**Directions**: With the pictures removed, please write out every line below exactly as given.
(Raw data Opens)
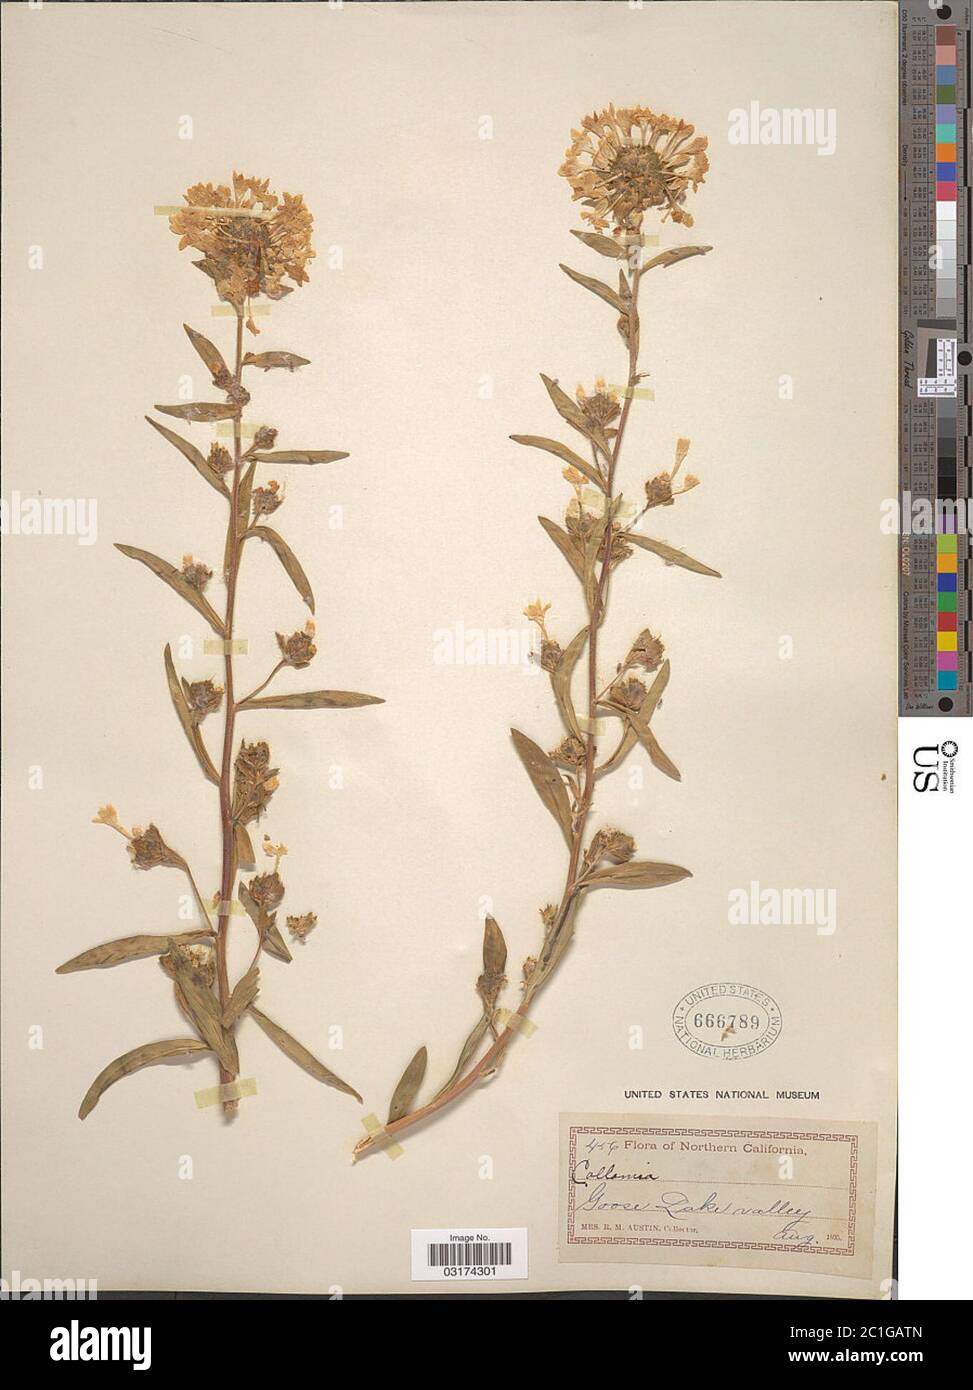 Collomia grandiflora Douglas ex Lindl Collomia grandiflora Douglas ex Lindl. Stock Photo
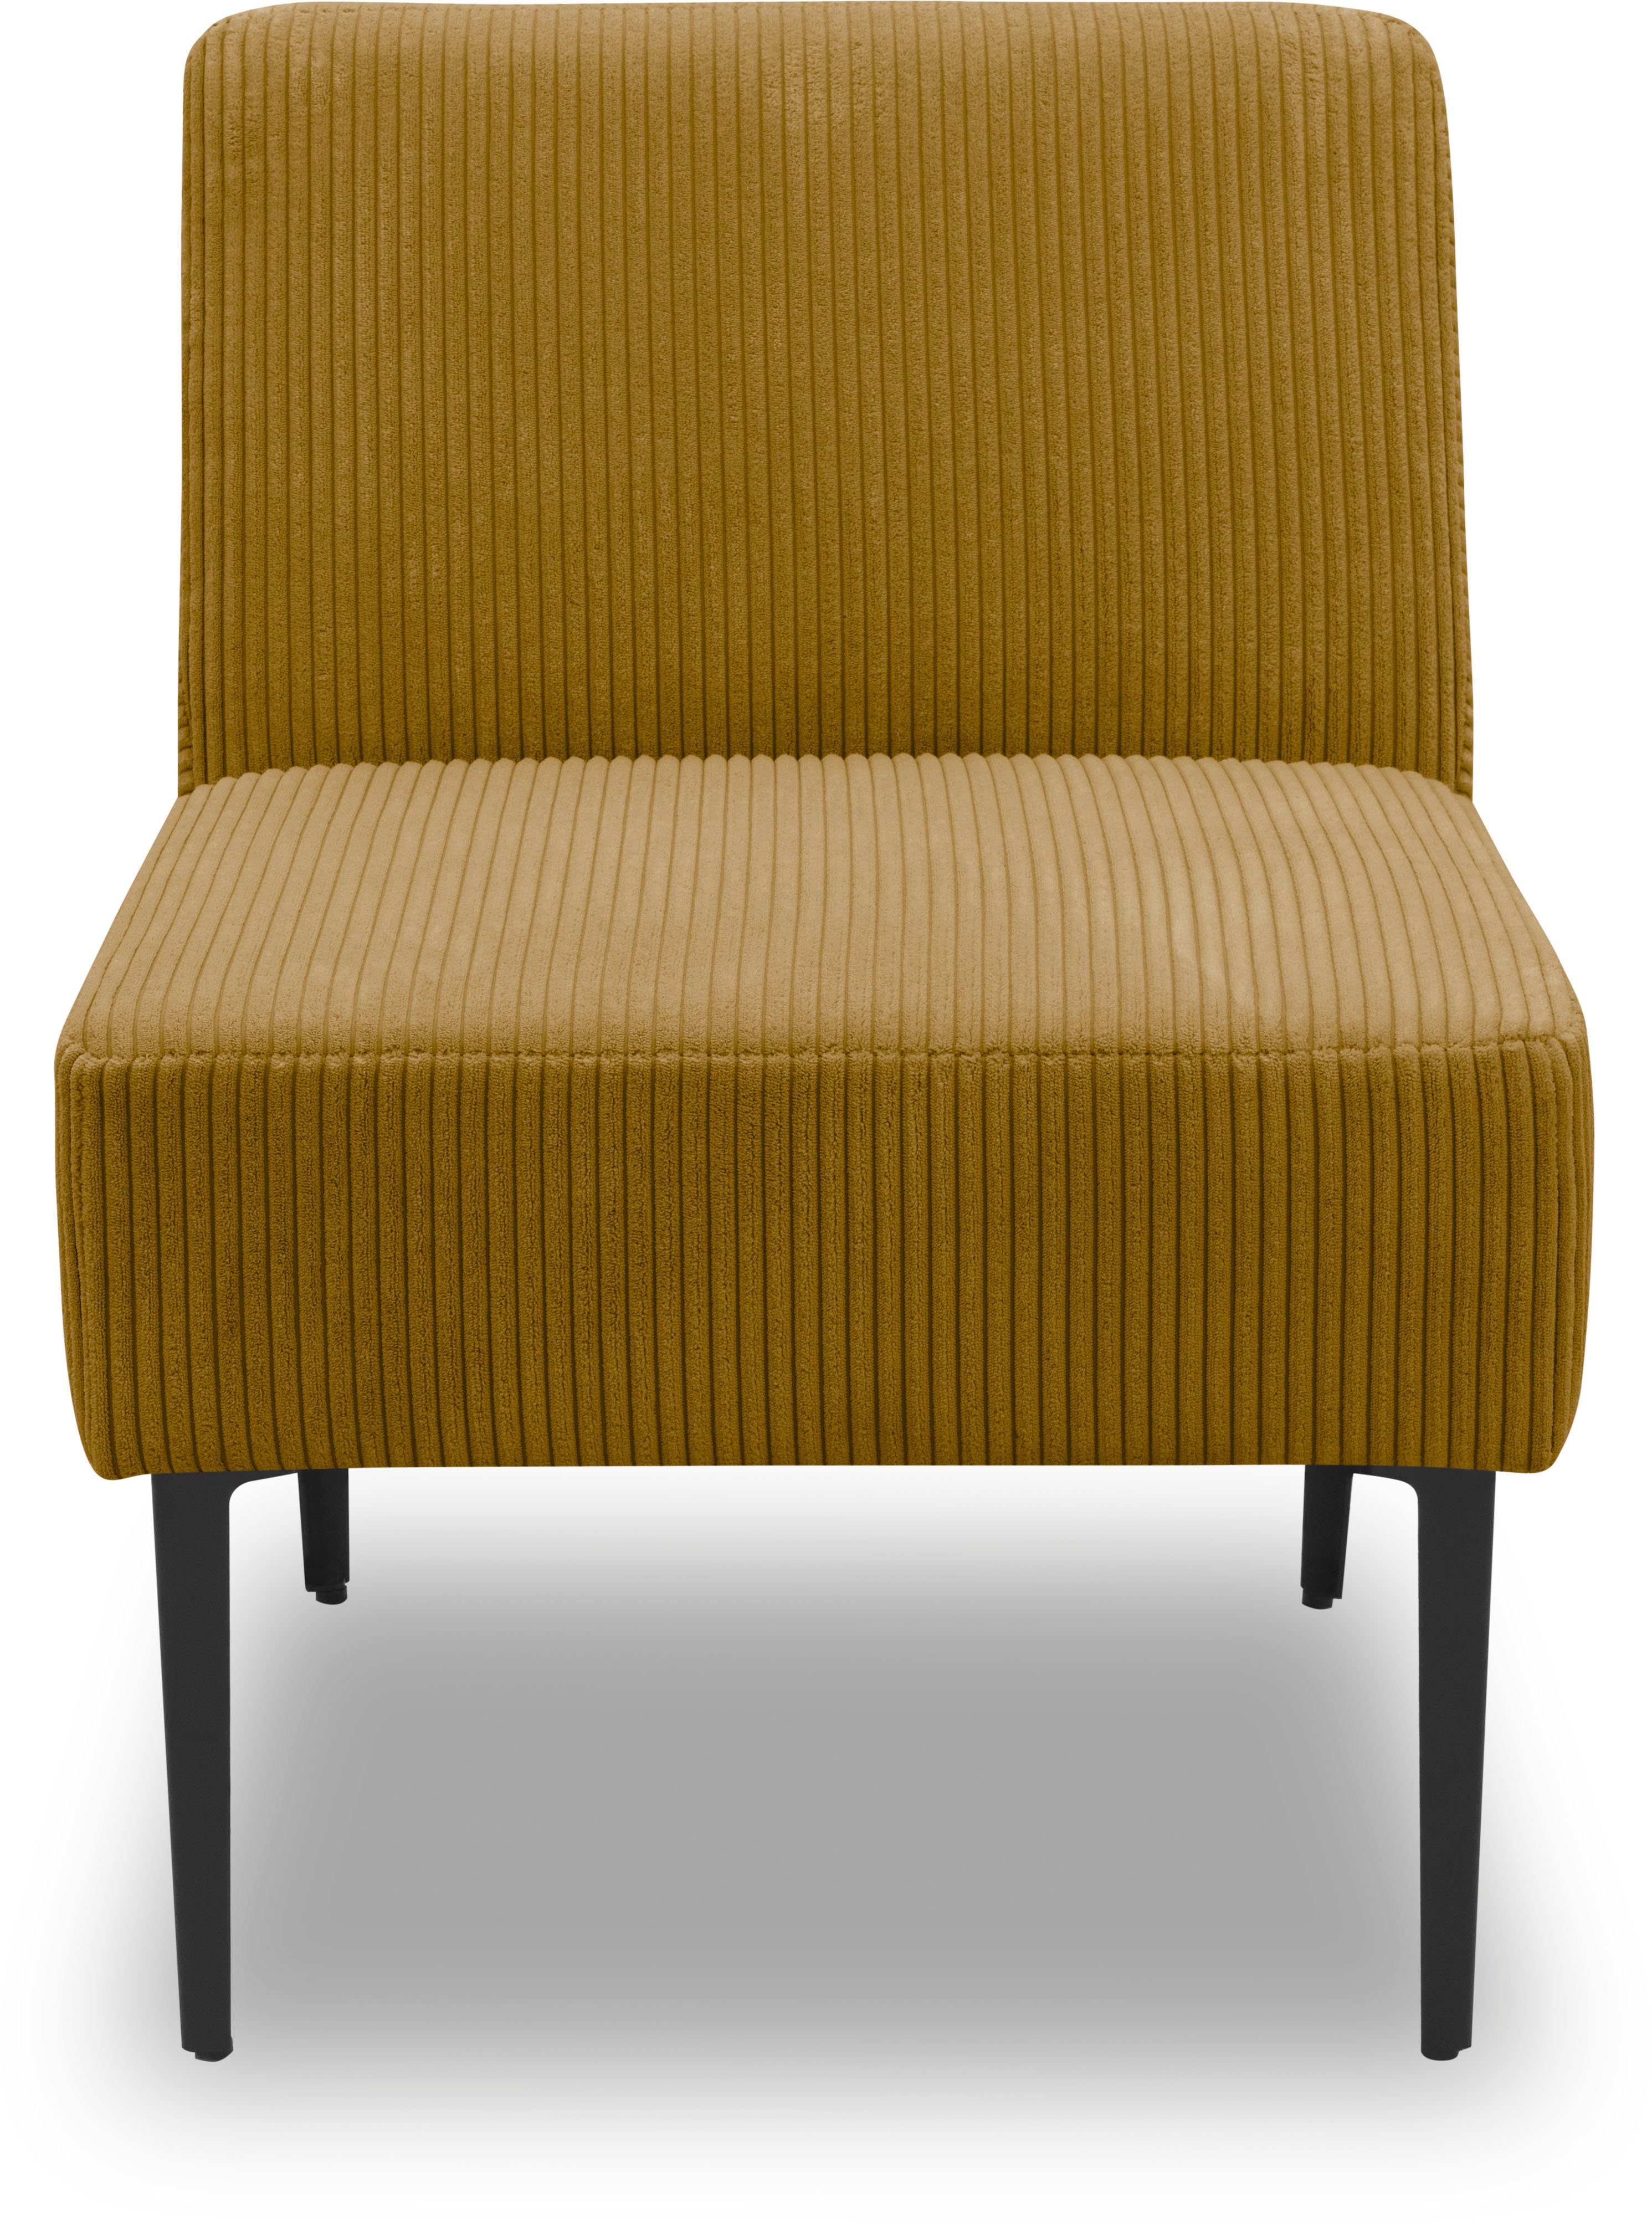 DOMO collection Sessel 700010, für individuelle Zusammenstellung eines persönlichen Sofas gold/curry
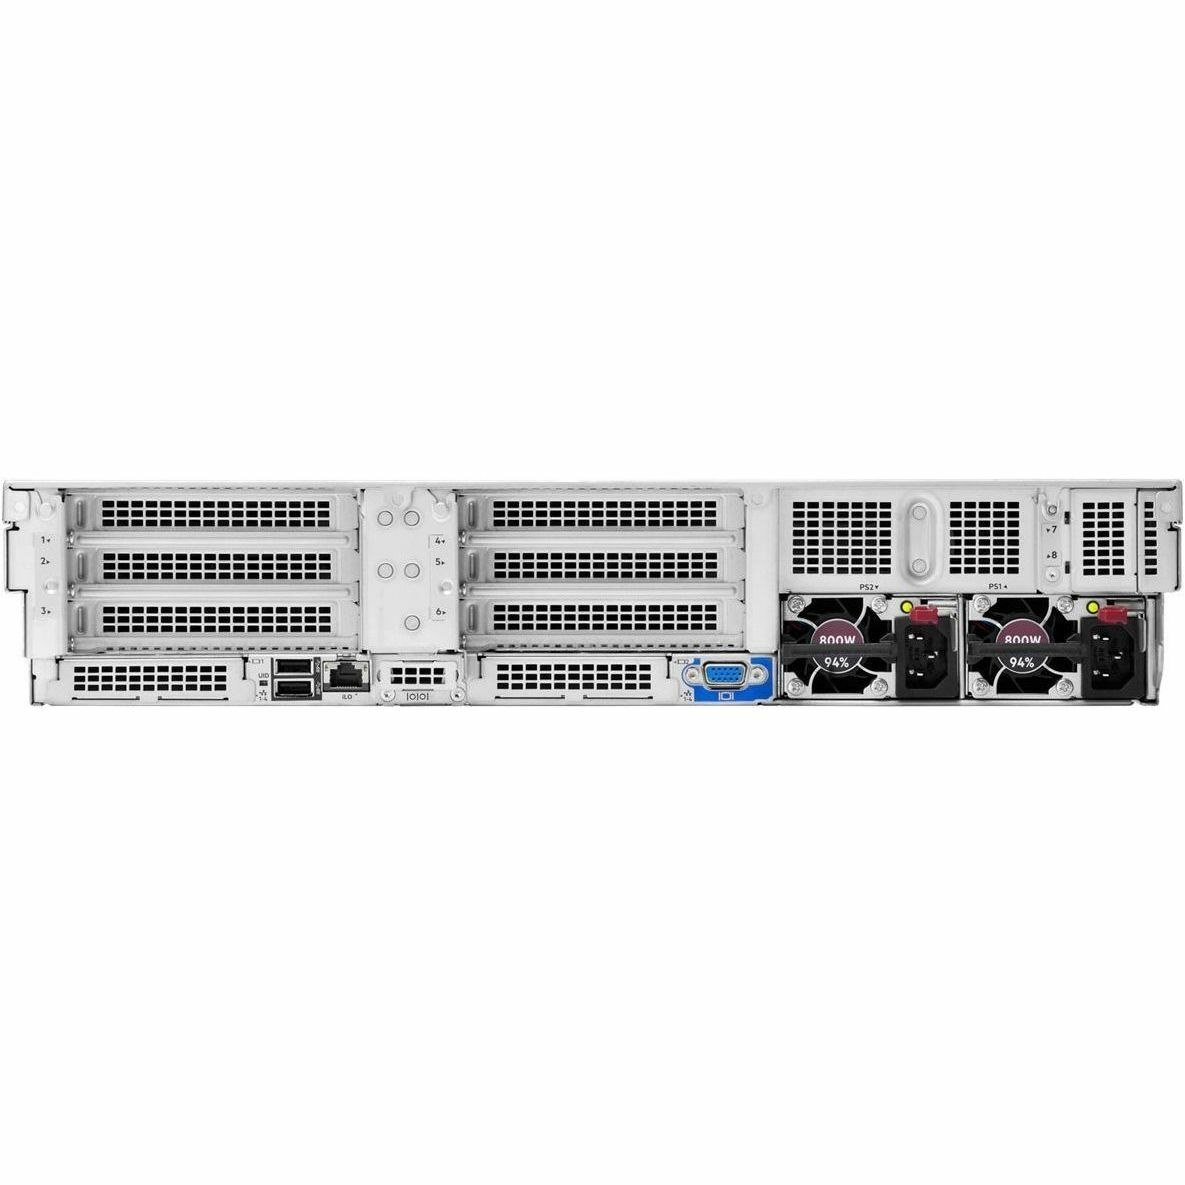 HPE ProLiant DL380 G11 2U Rack Server - 1 x Intel Xeon Silver 4416+ 2 GHz - 32 GB RAM - Serial ATA/600 Controller
(Raw data Closes)
**Solution to this problem**:
 Collomia grandiflora Douglas ex Lindl Collomia grandiflora Douglas ex Lindl. Stock Photo
 DOMO collection Sessel 700010, für individuelle Zusammenstellung eines persönlichen Sofas gold/curry
 HPE ProLiant DL380 G11 2U Rack Server - 1 x Intel Xeon Silver 4416+ 2 GHz - 32 GB RAM - Serial ATA/600 Controller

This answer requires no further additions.